Engineering Contradictions & Design Principles
Engineering Contradiction Analysis
1Adaptability or versatility
If machine tools are reconfigured for different part types, then product variety is improved, but setup time increases
Solution Approach 1:
The system performs preliminary actions by pre-calculating and storing optimal processing sequences for different part combinations in a database. When new parts arrive, the system quickly retrieves pre-computed sequences rather than calculating from scratch, thereby reducing setup time while maintaining adaptability to different part types.
Solution Approach 2:
The system dynamically adjusts processing sequences based on real-time inputs including part geometry, material properties, and machine tool capabilities. The neural network continuously learns from new data and adapts its recommendations, allowing the system to optimize for both product variety and minimal setup time as conditions change.
2Productivity
If batch size is increased to compensate for setup time, then productivity is improved, but inventory cost increases
Solution Approach 1:
The system changes the parameter of batch size from a fixed large value to a dynamically optimized value. By analyzing part similarity, machine tool capabilities, and setup time requirements, the system determines optimal batch sizes that minimize total cost while maintaining productivity. This allows smaller, more frequent batches when part variety is high, and larger batches when part similarity is high.
3Loss of time
If engineering-intensive methods are used to reduce setup time, then setup time is reduced, but method complexity increases
Solution Approach 1:
The system replaces complex engineering-intensive manual methods with an automated neural network-based information processing system. The neural network automatically analyzes part geometries, material properties, and machine capabilities to generate optimized processing sequences, eliminating the need for manual engineering analysis while reducing setup time.
Solution Approach 2:
The system creates digital copies of part designs, material specifications, and machine tool capabilities in a database. These digital models are used by the neural network to simulate and optimize processing sequences without requiring physical prototypes or manual trial-and-error, thereby reducing setup time and method complexity.

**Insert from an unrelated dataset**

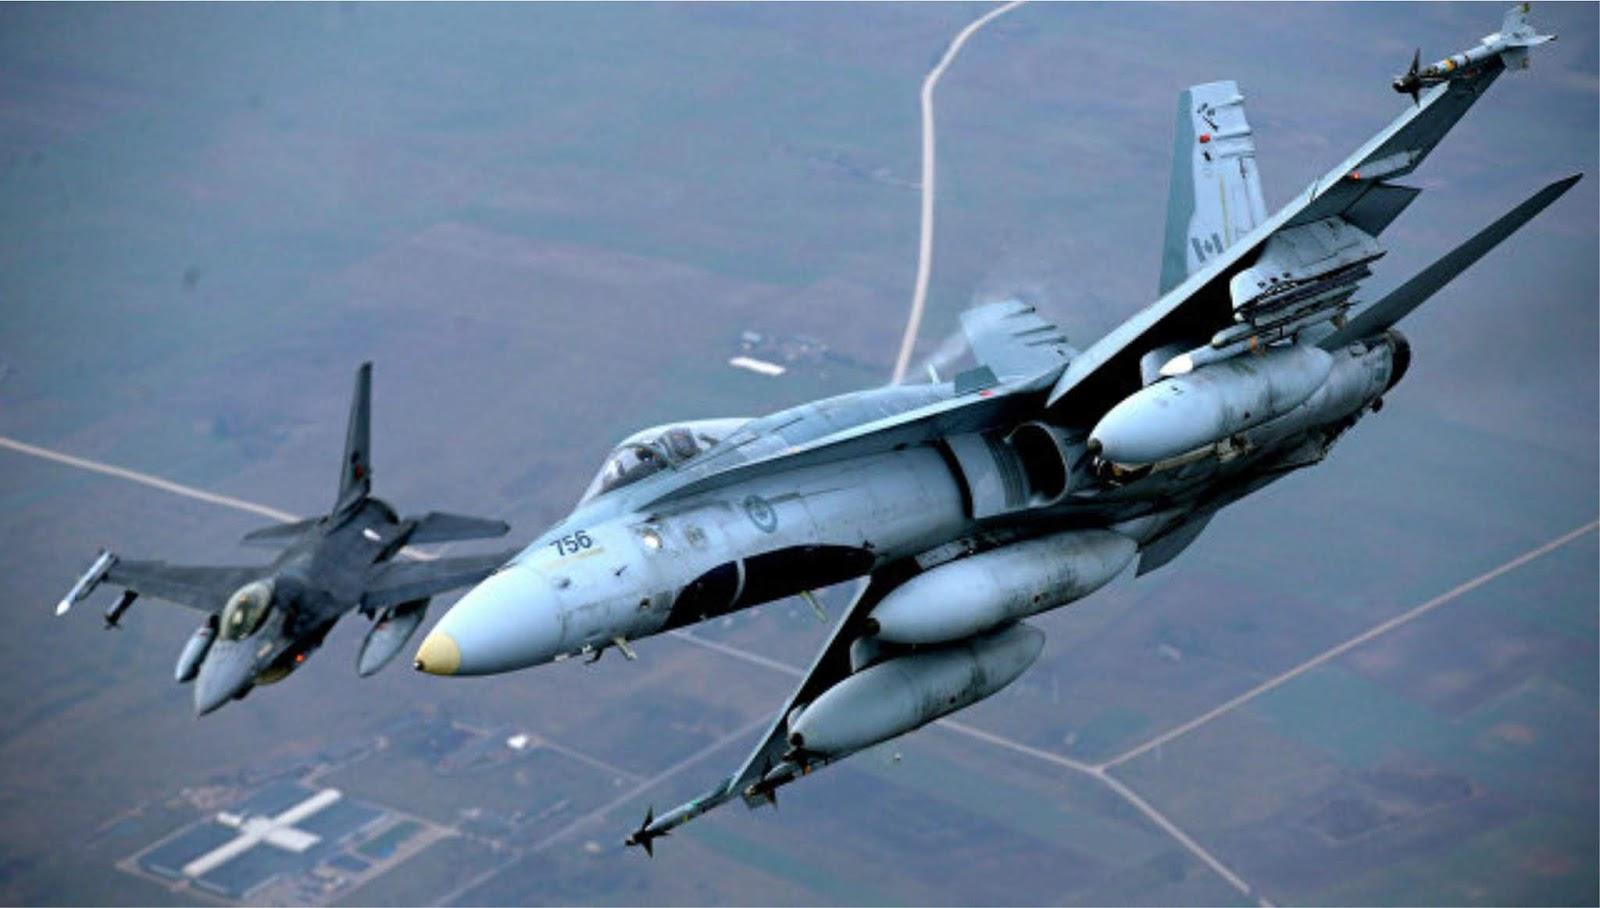 Pangkalan udara NATO di Balkan akan muncul di kota, yang memakai nama Stalin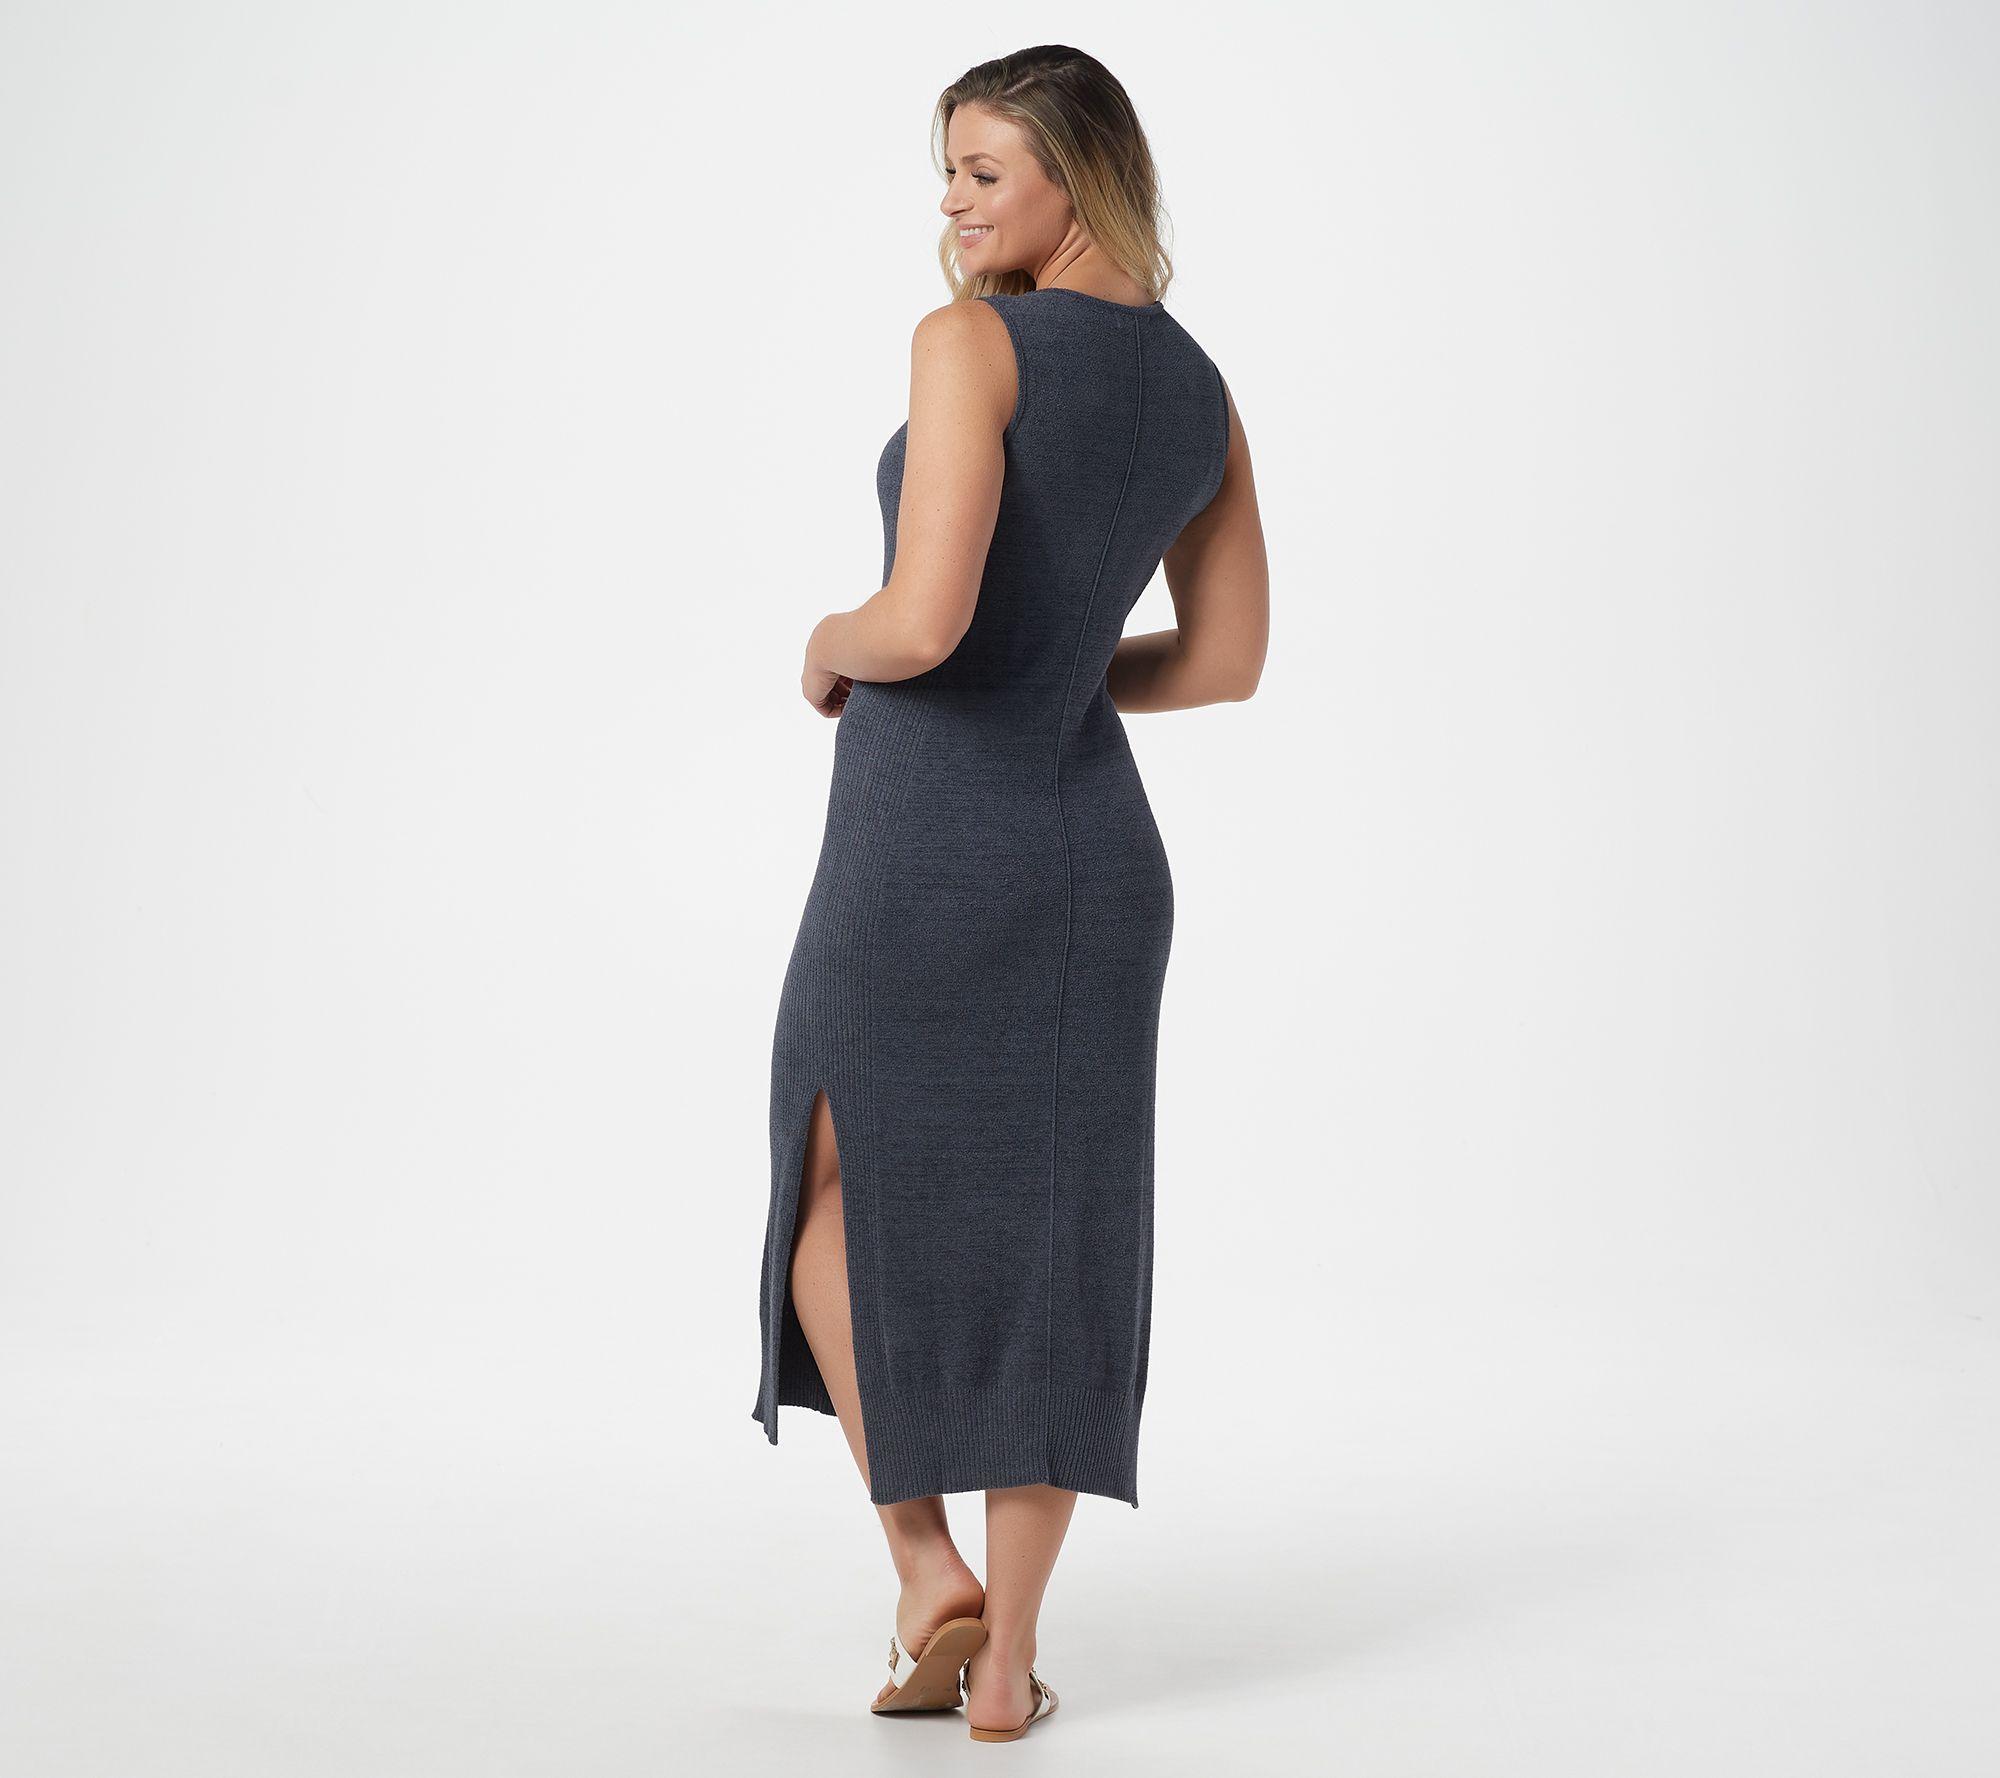 8a014e07e149 Barefoot Dreams Petite Cozychic Ultra Lite Maxi Dress - Page 1 — QVC.com

4Adaptability or versatility
If frequent part type changes are implemented, then market responsiveness is improved, but setup frequency increases
Solution Approach 1:
The system merges the processing of multiple different part types into single production runs by identifying and exploiting similarities between parts. The neural network groups parts that can be processed using similar machine tool configurations and parameters, allowing the system to respond to market diversity while minimizing the number of actual setup changes required.
Data Source
AI summary
Methods, systems and apparatus, including computer programs encoded on computer storage medium, for controlling operations of machine tool workstations. Machine tool workstations are grouped into functional groups. Neural networks corresponding to the functional groups are trained to process respective inputs representing parts to be processed to generate respective outputs representing sequences of ordered subsets of the parts that produce a reduced setup time for workstations in the functional groups. Data representing respective collections of parts to be processed by workstations included in the functional groups is processed using the trained neural networks to generate corresponding sequences of ordered subsets of the collection of parts. Average delay times associated with the generated sequences of ordered subsets of the collection of parts are computed. If the average delay times are less than a predetermined threshold, parts are released to the functional groups for processing according to the generated sequences.